Лето бросился к нему.
– Веллан!
Человек за столом не отозвался, и Лето с силой потряс его за плечо. Однако и это не помогло. Оглянувшись, Лето закричал в коридор:
– Эй, кто-нибудь, на помощь!
Он снова посмотрел на министра, поднял ему веки, но взгляд налитых кровью глаз был пуст и ничего не выражал. Веллан не шевелился.
Лето обнаружил на столе микрофон внутренней связи, активировал его и рявкнул:
– Мне нужна помощь, я в кабинете министра Веллана. Пришлите доктора Юэ!
Он приподнял обмякшее тело, чтобы Веллан не захлебнулся в рвотных массах. Тут-то он и обратил внимание на предмет, крепко зажатый в ладони министра. Сухой коричневый стручок, похожий на согнутый палец, – точно такой же Лето видел в деревне Муадха, во время церемонии медитации и очищения. Он разжал пальцы Веллана и вытащил предмет. Да, это тот самый высушенный лист папоротника барра, в безвредности которого его с таким пылом убеждал архивикарий. Половина листа была съедена. Веллан принял наркотик айлар, но реакция оказалась совсем не такой, какую Лето наблюдал у крестьян, поглощавших священное растение.

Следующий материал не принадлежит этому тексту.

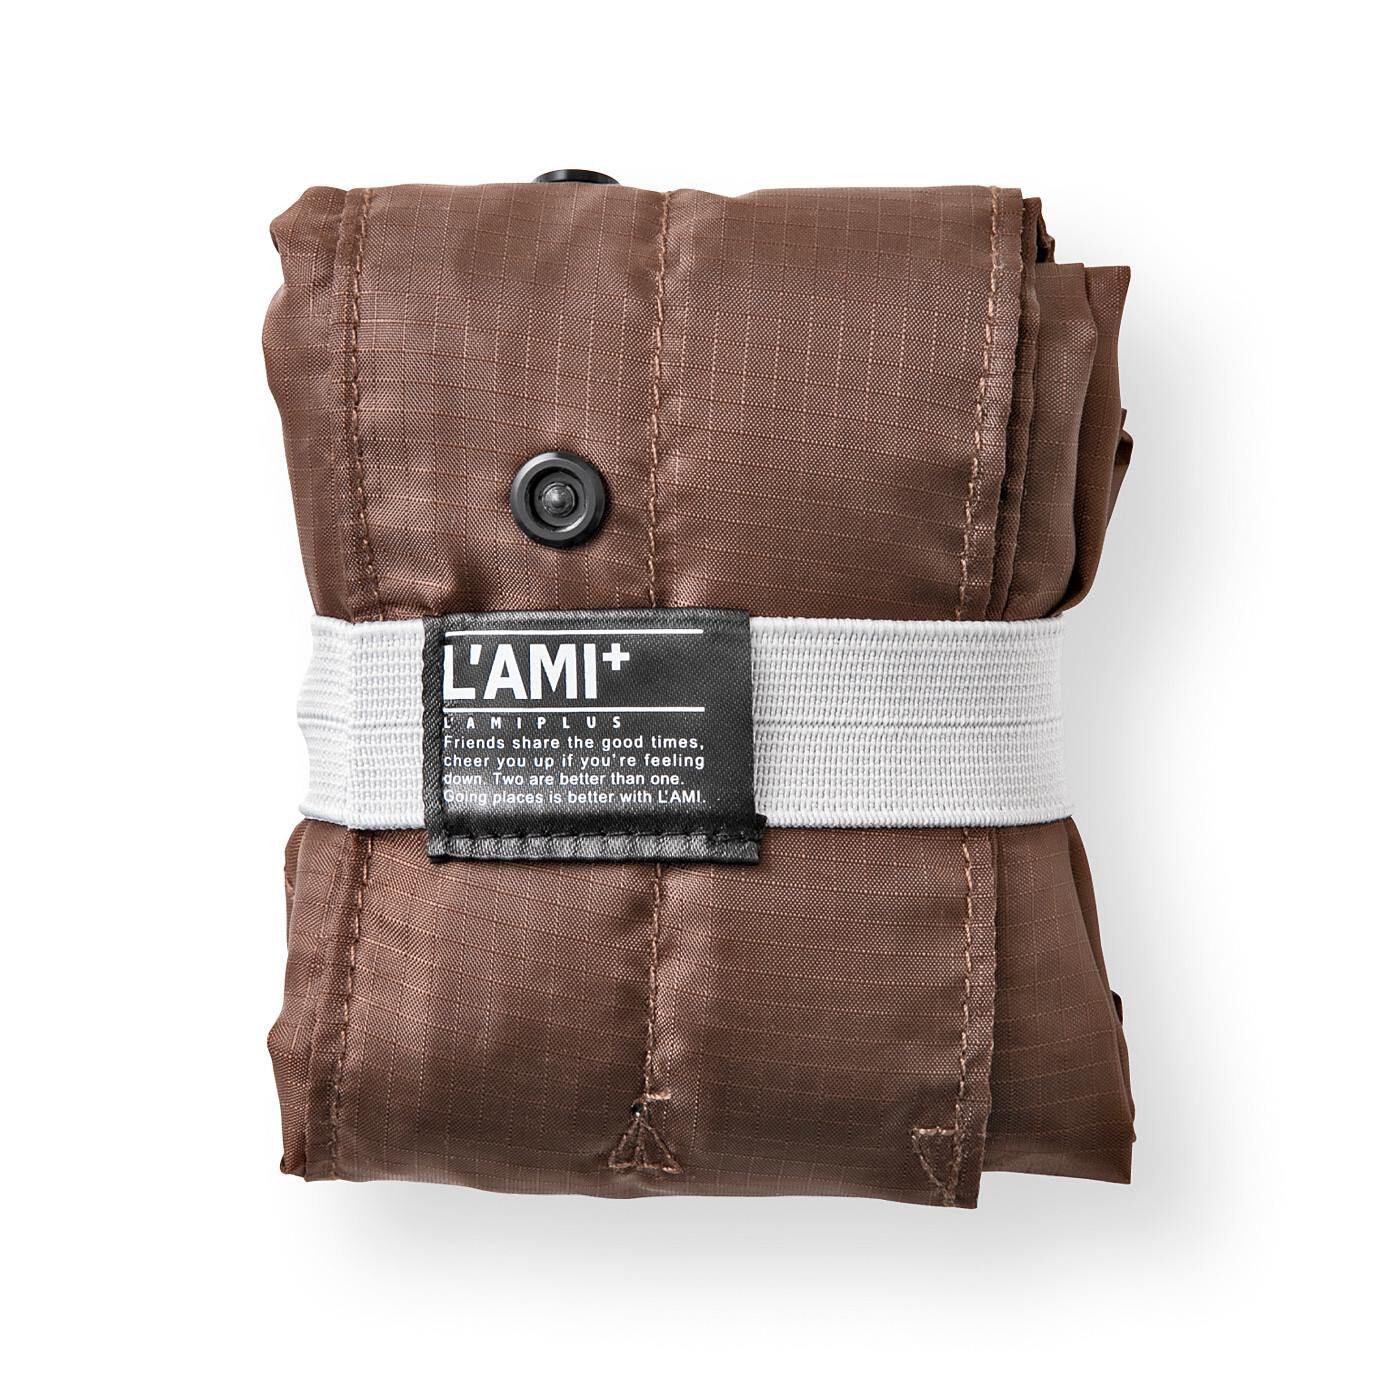 L'AMIPLUS|ラミプリュス　レインカバーにもなる 風呂敷みたいなエコバッグ|コンパクトにたたんで持ち運びOK。

Он вдруг вспомнил горькие слова из послания лорда Атикка: Ваш каладанский наркотик убил моего сына!
Лето надавил на виски Веллана, потом осмотрел шею. Человек дышал поверхностно, его пульс едва прощупывался. Накануне министр проявлял чрезвычайную активность, взгляд его метался, движения были быстрыми и порывистыми. Но во время церемонии в Муадхе айлар умиротворял людей, делал их довольными жизнью и более сосредоточенными, а не такими!
Вы соблазнили его обещаниями блаженства, однако наркотик оказался бомбой замедленного действия.
Каладанский наркотик?
В кабинет влетел Сафир Хават в сопровождении трех гвардейцев, все были в активированных силовых щитах и с обнаженными клинками в руках, готовые к схватке.
Министр Веллан несколько раз дернулся, после чего его поразили сильные судороги.
Воин-ментат бросился вперед и прикрыл собой герцога на случай, если Веллан впадет в неистовство.
– С вами ничего не случилось, милорд?
– Он наелся какого-то наркотика. Помогите мне справиться с ним! Где доктор Юэ?
– Сейчас будет.
Лето и Хават удерживали министра, пытаясь не давать ему двигаться, но он все равно продолжал неистово извиваться и биться в их руках. Глаза его были теперь широко открыты, склеры окончательно покрылись кровавой пеленой. На помощь Хавату и Лето поспешили еще два гвардейца.
Лето прорычал сквозь стиснутые зубы:
– Я пришел к нему, потому что нашел некоторые странности в его докладе, но этого я не ожидал. Посмотри, что было у него в руке.
Хават посмотрел на скрученный высушенный лист.
– Это папоротник барра? Вы просили меня проверить слухи о новом каладанском наркотике, милорд, и я нашел кое-какие сведения, хотя и не окончательные. Говорят, что айлар используют в качестве наркотика.
– Никогда раньше не слышал об этом до церемонии Муадха, – сказал Лето. – Он используется не только в религиозных целях? Мы наблюдали очень мягкий эффект: люди впадали в эйфорию, но в воздействии на них айлара мы не заметили ничего смертоносного. Почему меня не проинформировали?
– Я не предполагал, что вас заинтересуют какие-то уличные наркотики, сир, – с мрачным видом ответил Хават.